El gabinete económico

Las presiones de 'las bases peronistas' sean tal vez el motivo por el cual Alberto Fernández no haya si quiera mencionado quienes serán sus ministros. Inversores, empresarios y la comunidad internacional espera con ansias conocer quién será el que ocupe la cartera de Hacienda. Se sabe que Fernández impulsará una serie de reformas para incentivar el consumo interno, incrementar salarios a jubilados y reducir impuestos para las familias y pequeñas empresas. Para ello, estudia mantener el Congreso abierto durante el verano enero y febrero, tiempo de receso estival. Pero ¿quién tomará las medidas? ¿Qué riesgos de quita hay para los tenedores de deuda? ¿Qué pasará con las tarifas de los servicios públicos y las compañías que lo proveen? ¿Volverá el sesgo populista, anticapitalista y expropiador que denuncian algunos analistas europeos?

Sin nombres, todo es incertidumbre. En rigor, algunos hay dando vueltas. Algunos son pesos pesados: Roberto Lavagna, quien compitió con Fernández en las elecciones y quedó tercero, es increíblemente una de las posibilidades. El economista y ministro de Néstor Kirchner, hombre clave en los comienzos de Siglo, cuando el país crecía a 'tasas chinas' del 8%, adelantó que "colaborará", aunque no aceptaría un cargo.
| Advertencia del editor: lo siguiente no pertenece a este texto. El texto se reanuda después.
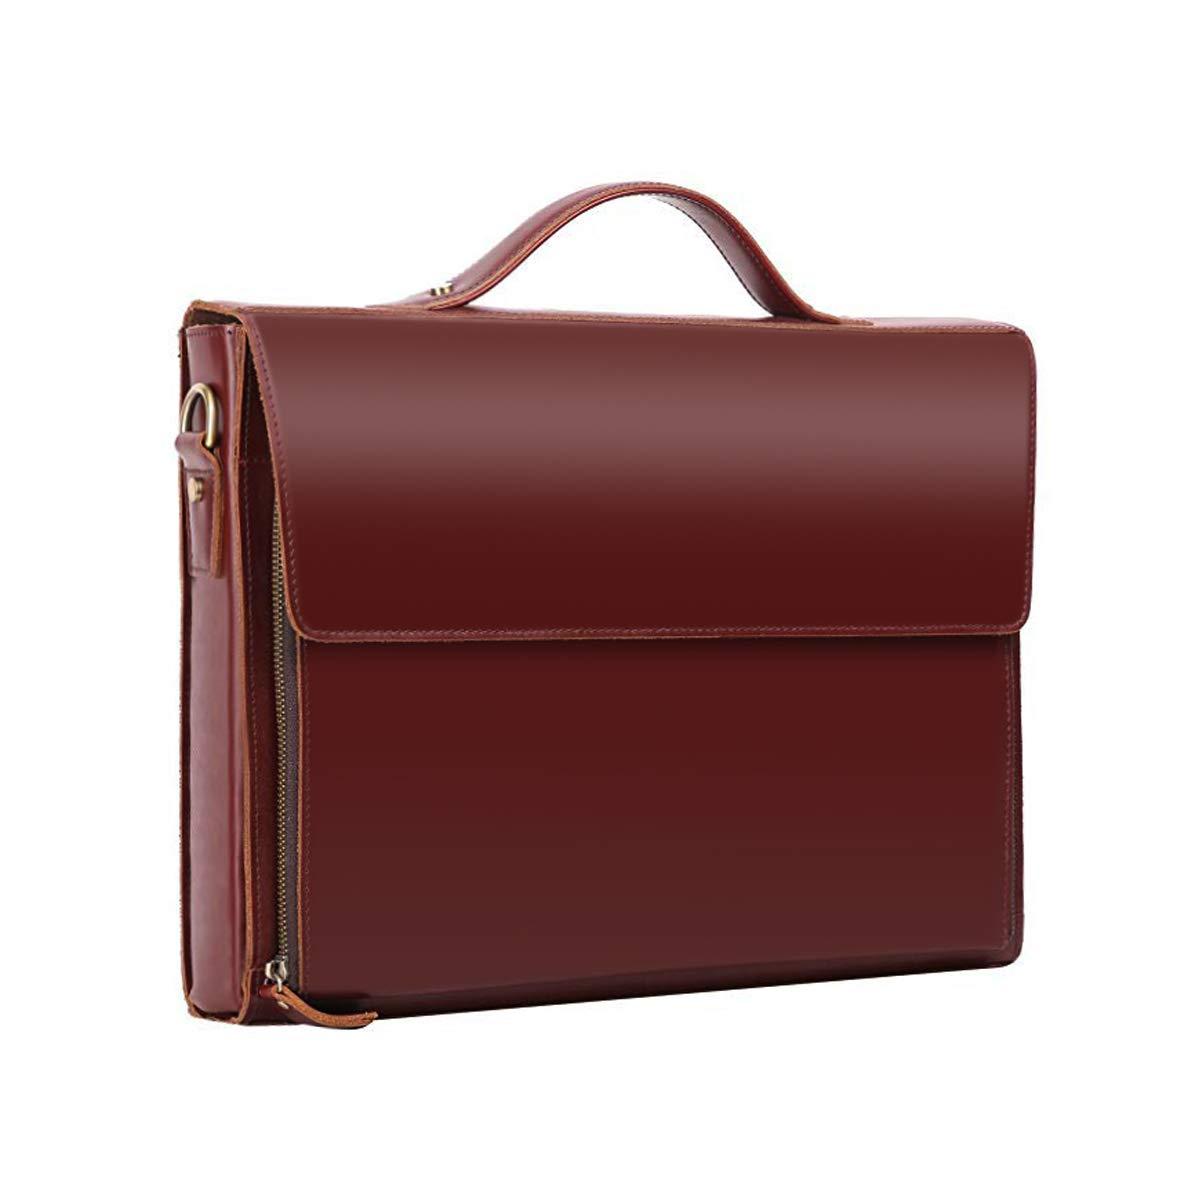 e82e7fb3dd64 Amazon.com: Leathario Leather Briefcase for Men Leather Laptop Bag Shoulder  Messenger Bag Business Work Bag: Leathario

Martín Redrado, reconocido en la región, también está en danza. Aunque, si asume un cargo, sería para renegociar la deuda, aprovechando su reconocimiento regional.

Luego están los más amigos de Fernández. Dos de ellos Matías Kulfas y Mercedes Marcó del Pont, economistas considerados 'desarrollistas'. El primero de ellos tiene un tono moderado, impulsor del entramado productivo y es proclive a controles estatales en la economía. Marcó del Pont fue presidenta del Banco Central durante el kirchnerismo y recibió los tristemente célebres premios de Global Finance a la peor banquera central del mundo. Otras figuras son Cecilia Todesca, con un perfil también 'desarrollista' y Guillermo Nielsen, un técnico financiero devenido en político. Ninguno de estos nombres genera estupor entre los argentinos, pero la indecisión es lo que mata.